ABOUT THIS TASK -
After the line containing "USB 2 2.0-LIGHTNING-ANSCHLUSS, DATENKABEL", copy nothing more; up to and including it, copy every line of the listing exactly from the first, leaving out the pictures.

DATA -
#####
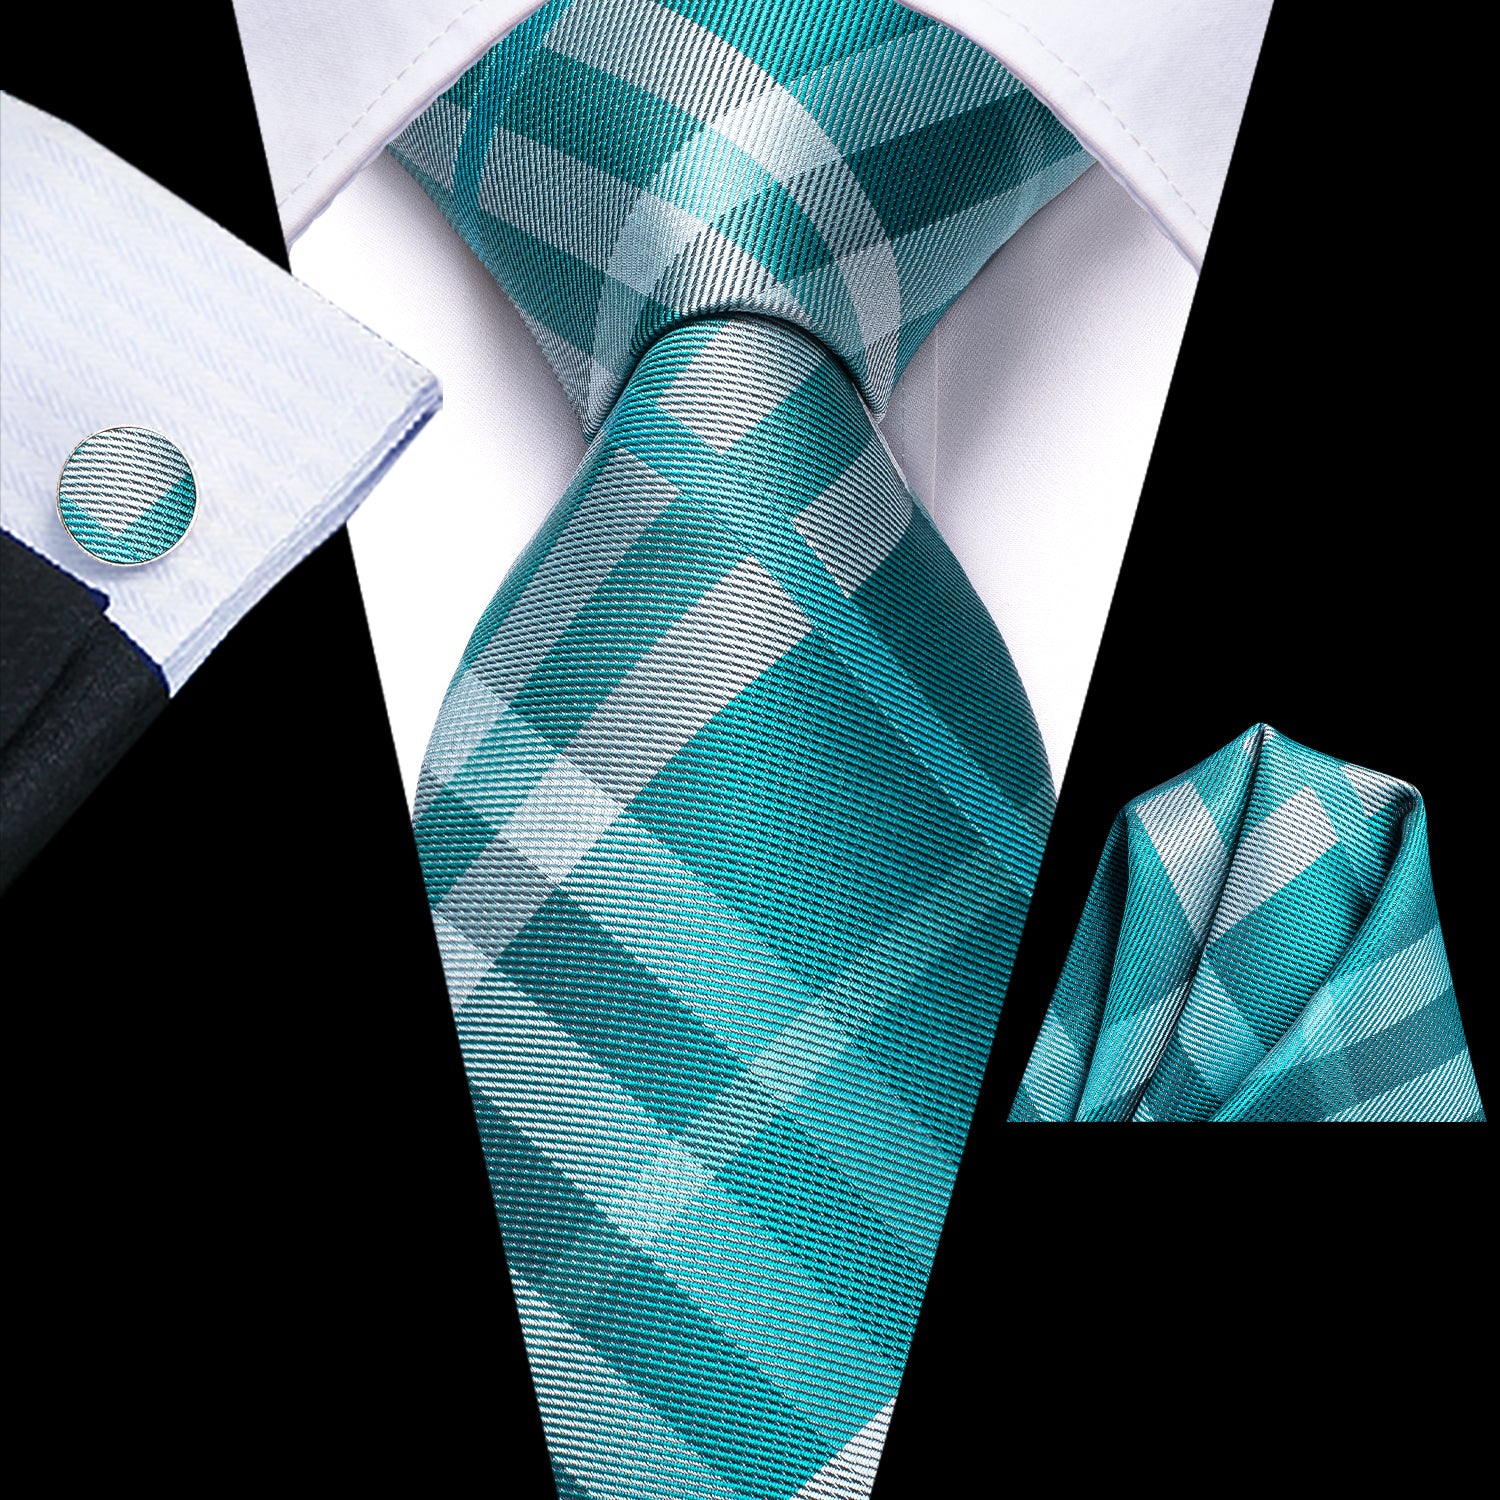 New Teal White Strip Tie Pocket Square Cufflinks Set
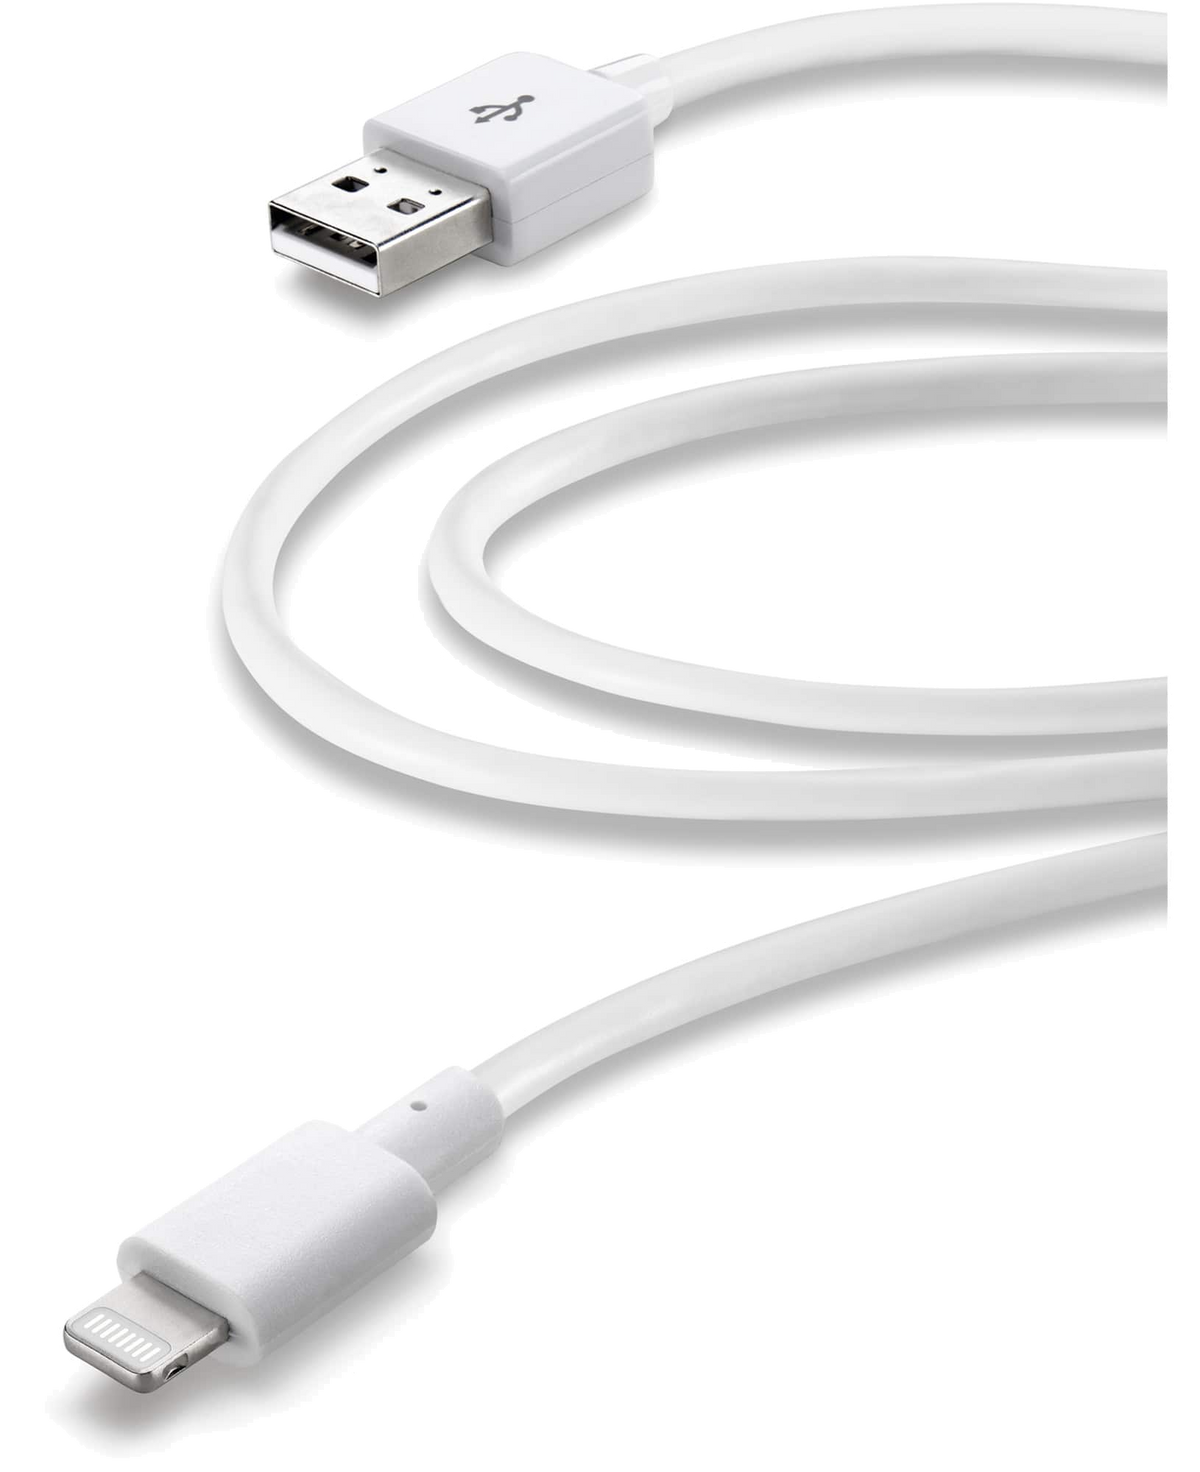 USB 2 2.0-LIGHTNING-ANSCHLUSS, DATENKABEL 2M LINE Datenkabel, Weiß 35855 m, CELLULAR
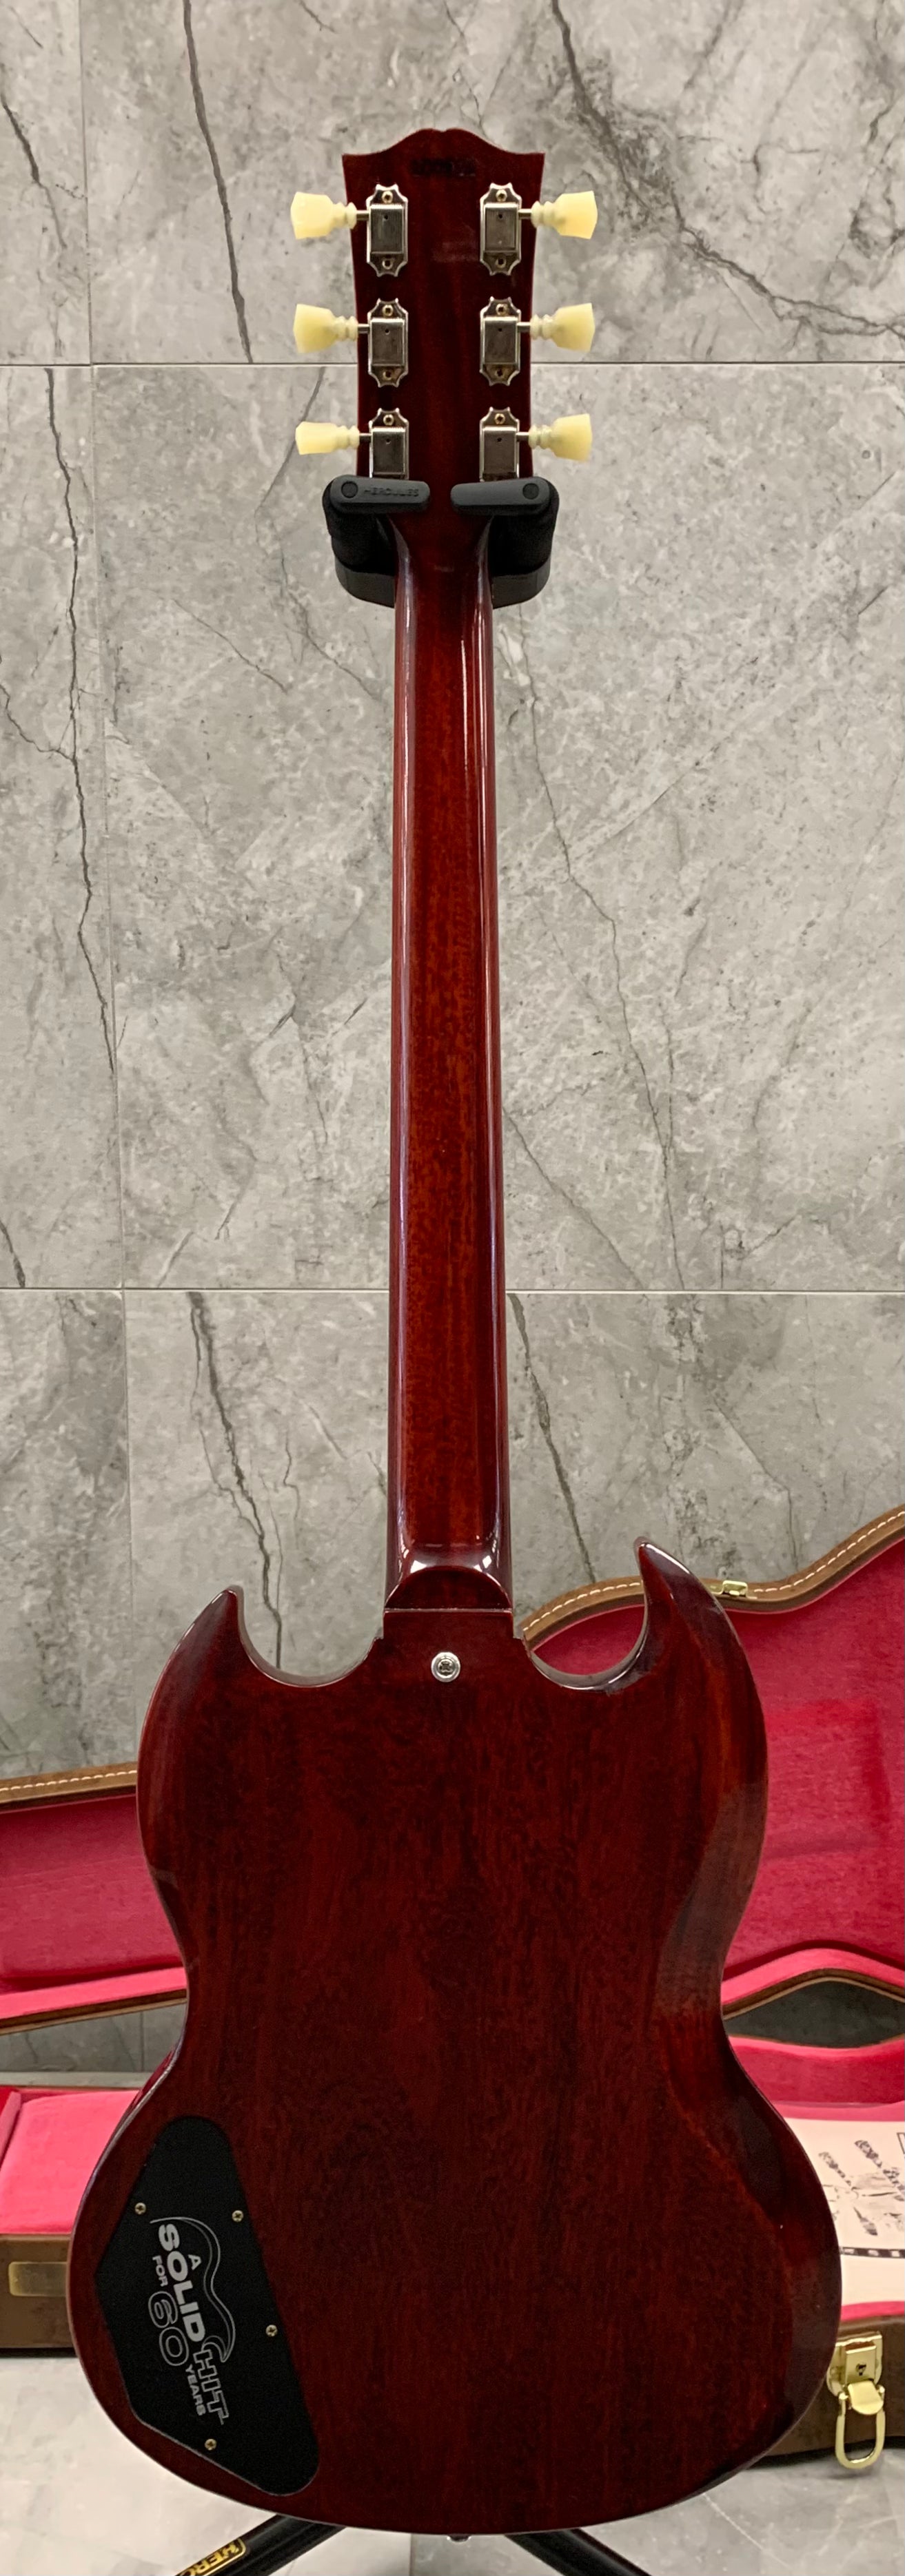 Gibson Custom Shop 60th Anniversary 1961 LES PAUL SG STANDARD WITH SIDEWAYS VIBROLA VOS CHERRY RED SGSR60VOCHSN SERIAL NUMBER 100911 7.2 LBS
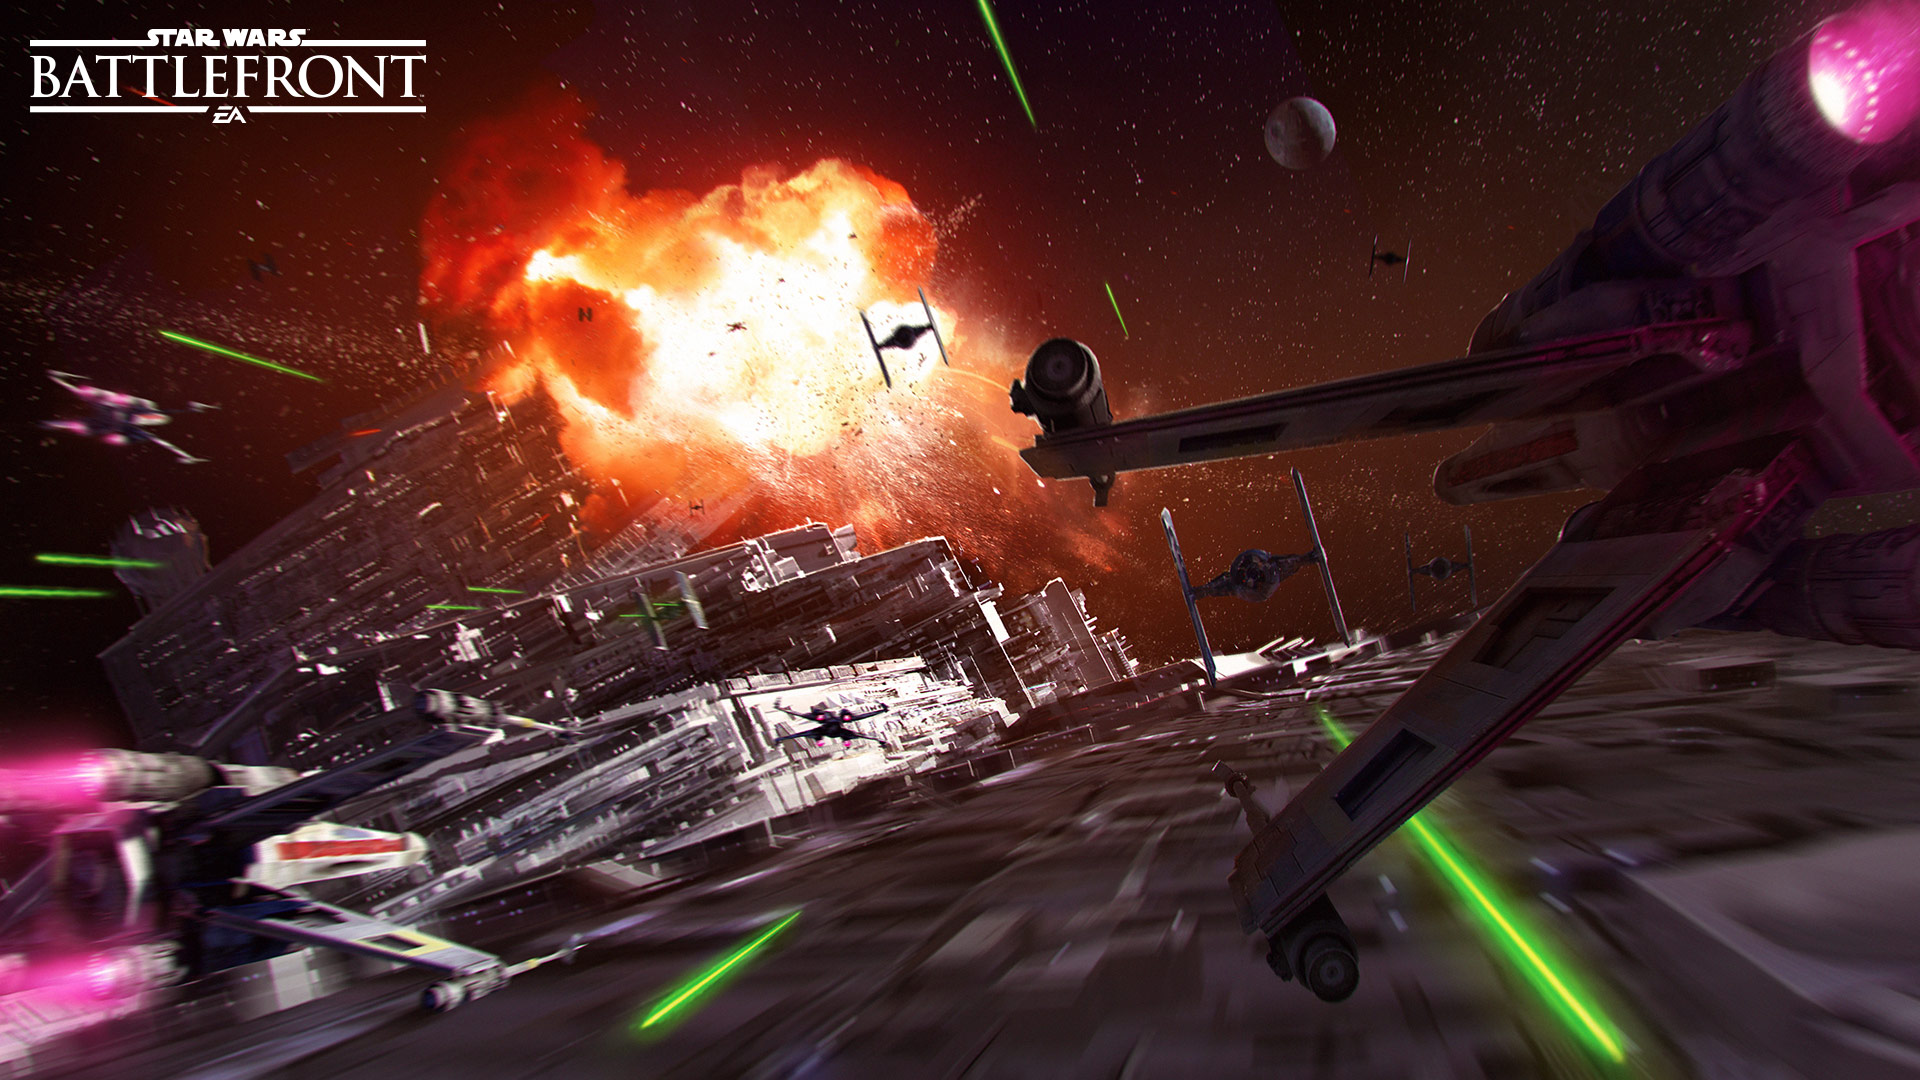 Star Wars Battlefront Backgrounds Pictures Images
#####
ANSWER BOX -
 New Teal White Strip Tie Pocket Square Cufflinks Set
 USB 2 2.0-LIGHTNING-ANSCHLUSS, DATENKABEL 2M LINE Datenkabel, Weiß 35855 m, CELLULAR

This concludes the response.